L'Italia è uno dei Paesi più importanti
d'Europa per ciò che concerne il primario, patria di coltivazioni e di
lavorazione degli stessi soprattutto nel settore cerealicolo. Nel mondo il nome
del made in Italy è accostato
soprattutto al settore agroalimentare e le produzioni tipicamente nazionali più
conosciute all'estero, come la pasta e la pizza, sono di derivazione del grano,
che in Italia ha trovato storicamente uno dei terreni più fertili per la sua
coltura e soprattutto per la sua trasformazione. Attualmente tuttavia secondo
le normative USA (CFR 319.59), a quanto risulta da comunicazione
dell'associazione italiana sementi, che ha indirizzato una lettera sulla
questione al ministero delle politiche agricole alimentari e forestali non
sarebbe possibile importare negli Stati Uniti dall'Italia, e da alcuni altri
Paesi, sementi di grano tenero (triticum aestivum) e duro (triticum durum) a
scopi commerciali per la semina, se non per piccole quantità a livello
sperimentale, soggette ad un import
permit specifico da richiedere preventivamente, e da coltivare «in serra» presso
una stazione sperimentale pubblica; tale importazione sarebbe invece consentita
per sementi prodotte da altri Paesi della UE, per esempio Austria, Francia,
Germania, Danimarca, Belgio, Olanda, Inghilterra, ed altri ancora. Secondo la
normativa statunitense al punto Sec. 319.59-3 (Articles prohibited importation pending risk evaluation)

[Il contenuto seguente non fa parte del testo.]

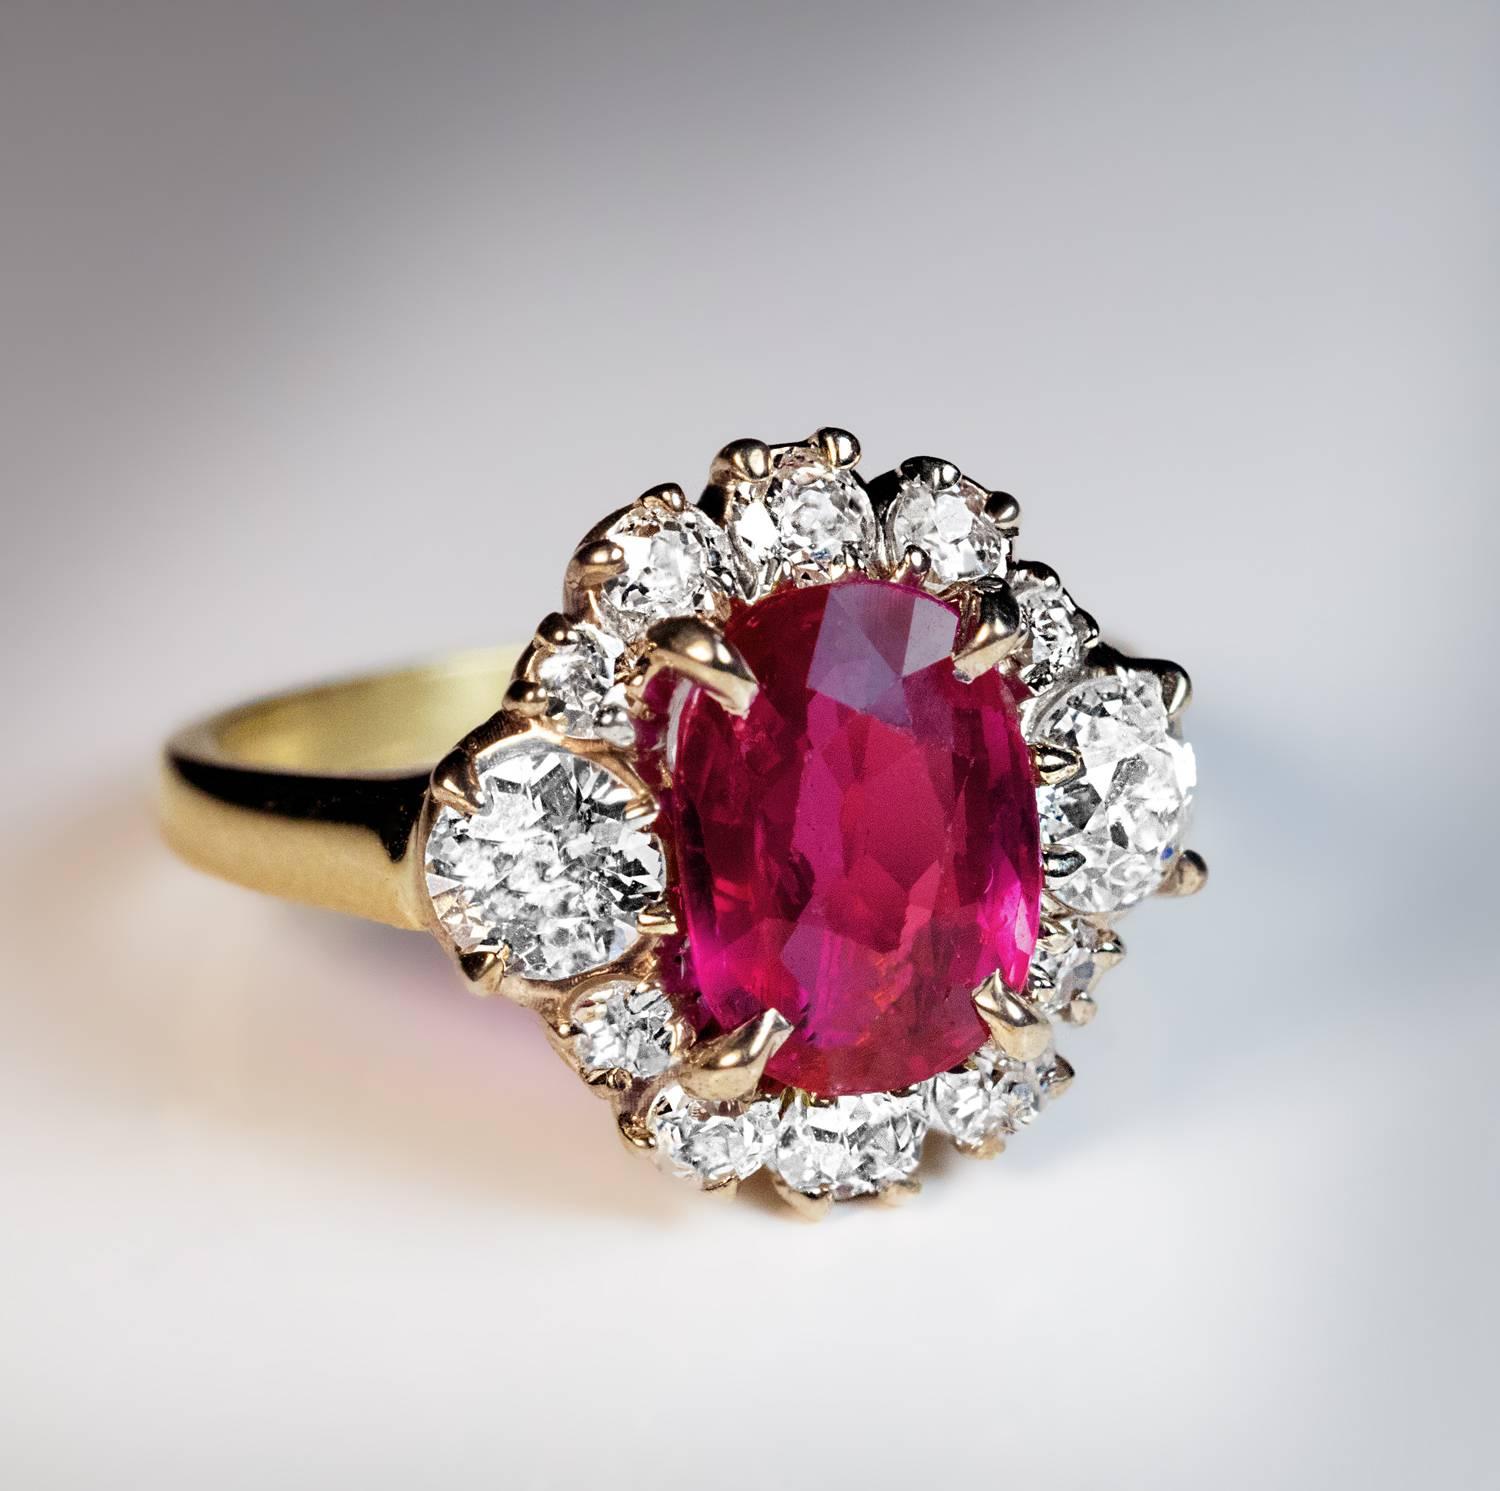 A silver topped 18K gold ring is centered with an oval natural unheated pink-red 2.71 ct ruby from Burma (Myanmar). The ruby is framed by bright white (F-G color) old mine cut diamonds (estimated total weight 1.25 ct).

The ring comes with AGL

l'organizzazione fitosanitaria nazionale del Paese soggetto alla suddetta restrizione
potrebbe contattare negli USA l'APHIS, Animal
and Plant Health Inspection Service (www.aphis.usda.com) per iniziare la
predisposizione di una «valutazione di rischio» e ove questa fornisca
rassicurazioni circa la pericolosità delle sementi, l'APHIS potrà intraprendere quelle azioni da escludere il Paese
dalla «lista nera».
Il compito delle istituzioni nostrane è quello di
dare alle imprese italiane la possibilità di competere alle stesse condizioni
sui mercati internazionali e non certo quello di ostacolarle facendo cadere nel
vuoto delle istanze del tutto legittime, e che certo dimostrano un'intollerabile
inerzia nei confronti di uno dei settori che più dovrebbe essere curato con
attenzione come quello dell'agroalimentare.
Quali sono e con quali tempi le iniziative urgenti
che il governo tricolore intende concretizzare utili a superare la grave crisi
che attanaglia i produttori italiani di frumento? Come si intende intervenire
per garantire una più equa redistribuzione del valore e ottenere la massima
trasparenza nella formazione del prezzo, sostenendo così la redditività degli
agricoltori e un sistema produttivo che genera ricchezza, occupazione e
salvaguardia ambientale? Dov’è la
commissione unica nazionale per la fissazione dei prezzi?